The Princeton WordNet thesaurus (PWN) [1, 2] is one of the most important language resources for linguistic studies and natural language processing. PWN is a large-scale lexical knowledge base for English, organized as a semantic network of synsets. A synset is a set of words with the same part-of-speech that can be interchanged in several contexts. Synsets are interlinked by semantic relations, such as hyponymy (between specific and more general concepts), meronymy (between parts and wholes), antonymy (between opposite concepts) and other.

Inspired by success of PWN, many projects have been initiated to develop wordnets for other languages across the globe. Nowadays wordnet-like resources are developed for nearly 80 languages, but Tatar language is not among them. To fill this gap, we lunched a project of construction TatWordNet, a wordnet-like resource for Tatar.

There are two main approaches for construction of wordnets for new languages: expand and merge [3]. The expand approach is to take the semantic network of PWN and translate its synsets into the target language, adding additional synsets when needed. The merge approach is to develop a semantic network in the target language from scratch and then link it to PWN.

Since the merge approach is very labor-intensive and time consuming, the expand approach seems more appropriate for under-resources languages such as Tatar. However, in development of Tatar WordNet, the expand approach can’t be directly applied either, due to the lack of large English-Tatar dictionaries, necessary for translation of PWN to Tatar. At the same time, there are several relatively large and high-quality Russian-Tatar dictionaries, so Russian thesauri can be used as the source resources instead of PWN.

With this consideration in mind we are constructing TatWordNet on the base of three source resources, developed by us (Fig. 1). The first source is TatThes, a bilingual Russian-Tatar Social-Political Thesaurus. TatThes, in turn, has been constructed by manual translation and extension of RuThes, a linguistic ontology for Russian. The second source is a Tatar translation of RuWordNet, a wordnet for Russian. RuWordNet, for its part, has been constructed by semi-automatic conversion of RuThes. The translation of RuWordNet to Tatar was carried out automatically on the base of a Russian-Tatar dictionary, and then was manually verified. The third source is a semantic classification of Tatar verbs, developed from scratch.

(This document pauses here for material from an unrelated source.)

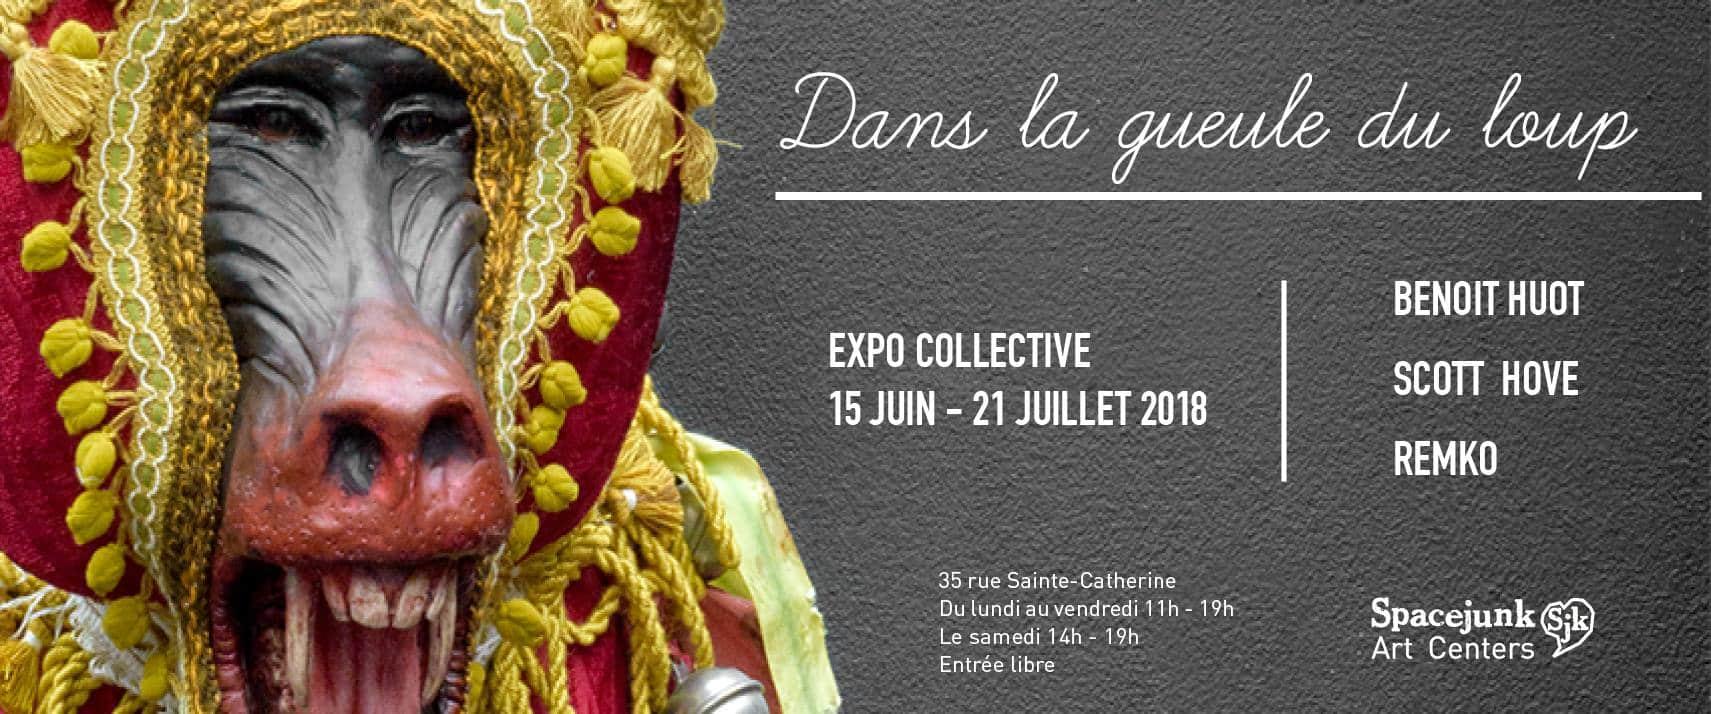 spacejunk bayonne exposition artistes plasticiens gratuit art stret

In this paper, we describe the methodology for constructing TatWordNet, and the source resources used in this constructing. The paper is an extended version of our short paper [4], and describes processing of all the source resources (TatThes, Tatar translation of RuWordNet and TatVerbClass), while in [4] processing of the only one source has been described.

Fig. 1.
figure 1

The source resources of TatWordNet

The rest of the paper is organized as follows. Section 2 outlines the basic theoretical background of the study, and the main attention is paid to wordnet projects developed for the Turkic languages. Section 3 presents the methodology of compiling the Russian-Tatar socio-political thesaurus and its current state. Section 4 describes the most important aspects of implementing a wordnet-like resource using Tatar thesaurus synsets for Tatar nouns. Section 5 describes a Tatar translation of RuWordNet, and Sect. 6 describes a semantic classification of Tatar verbs. Section 7 discusses the conclusions and outlines the prospects of future work.

2 Related Works

At present time, there are various wordnets for some Turkic languages.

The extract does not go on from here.